DES PERES, Mo. -- A man accused of orchestrating the killing of his sister's allegedly abusive husband killed his own parents in 1964, the St. Louis Post-Dispatch reported in a copyright story Sunday.
Dennis A. Irby, now 53 and of Raleigh, N.C., was a 15-year-old St. Louis resident when he shot, stabbed and beat his parents. He later told police he killed his father after watching him hit his mother in a jealous rage, then turned on his mother.
Irby ultimately confessed to those killings and was sent to a state mental hospital, the newspaper said, citing its own articles recounting the case as it unfolded.
Last week, Irby was charged with first-degree murder in the Dec. 30 shooting death of Jeffrey Sexton, his brother-in-law, at Sexton's suburban St. Louis home.
Also charged with first-degree murder were Sexton's father-in-law, Ervell Hoover, 75, of Ellisville, and brother-in-law Robert E. Hoover, 35, of St. Charles.
Investigators allege that killing took place about two weeks after Sexton, 43, severely beat his 42-year-old wife, Lois Sexton.
Des Peres police officers say they responded to the couple's home at least six times when neighbors, family and school officials reported abuse, but Lois Sexton repeatedly denied having been victimized.
Police said they could not arrest Jeffrey Sexton because they found no physical evidence of attacks, such as injuries or broken furniture.
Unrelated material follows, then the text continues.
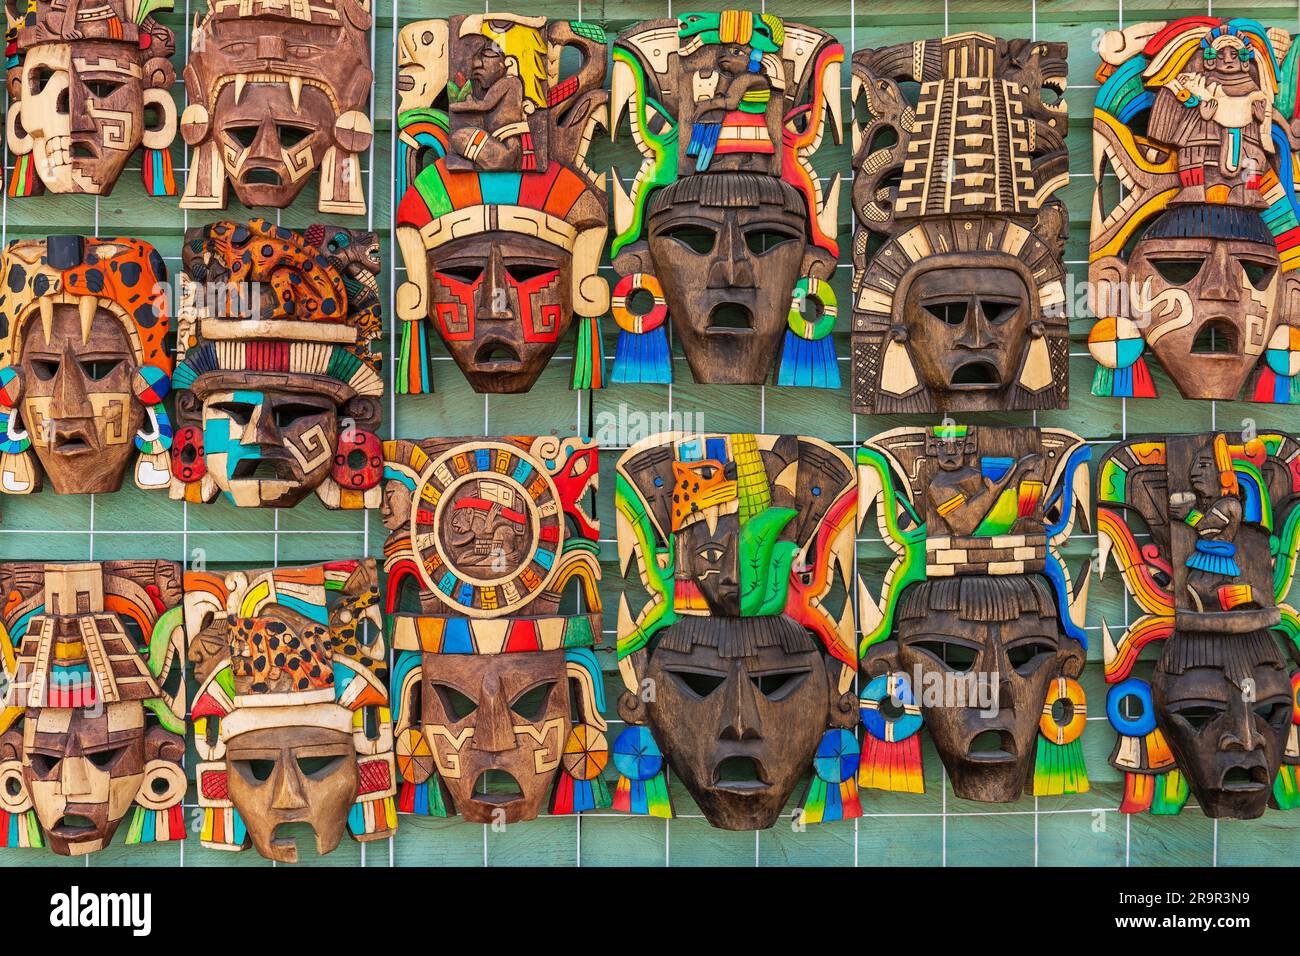 Artisanat souvenir avec masque en bois mexicain sur le marché local, Mexique. Banque D'Images

After being beaten Dec. 14, authorities said, Lois Sexton finally admitted the abuse to relatives and fled with her 6-year-old daughter to the Raleigh home of her sister and Irby. Police said Irby then traveled to St. Louis to address the problem.
Investigators said Ervell Hoover gave Irby a gun and a vehicle, and that sometime Dec. 30 Irby shot Jeffrey Sexton twice in the head -- the same way Irby killed his father in 1964.
In the latest slayings, Dennis Irby was arrested in North Carolina.
Lois Sexton has not been charged.
The Post-Dispatch stories, in its stories from the time of the 1964 killings, said Irby told police that after his parents fought one night in their two-bedroom St. Louis apartment, "I gave my dad a judo chop." Irby said his father hit him back and sent him to his room, where the son cleaned and loaded a .410-gauge shotgun.
The teenager told police he went into the living room and shot his father, then demanded that his mother write a check so he would have money to flee. The young Irby told investigators he became "dizzy," then found his mother bloody and beaten on the kitchen floor, her throat slashed.
Psychiatrists testified that Dennis Irby suffered from "schizophrenic tendencies" during the 1964 murders, he was committed to the Fulton State Mental Hospital through the juvenile court system.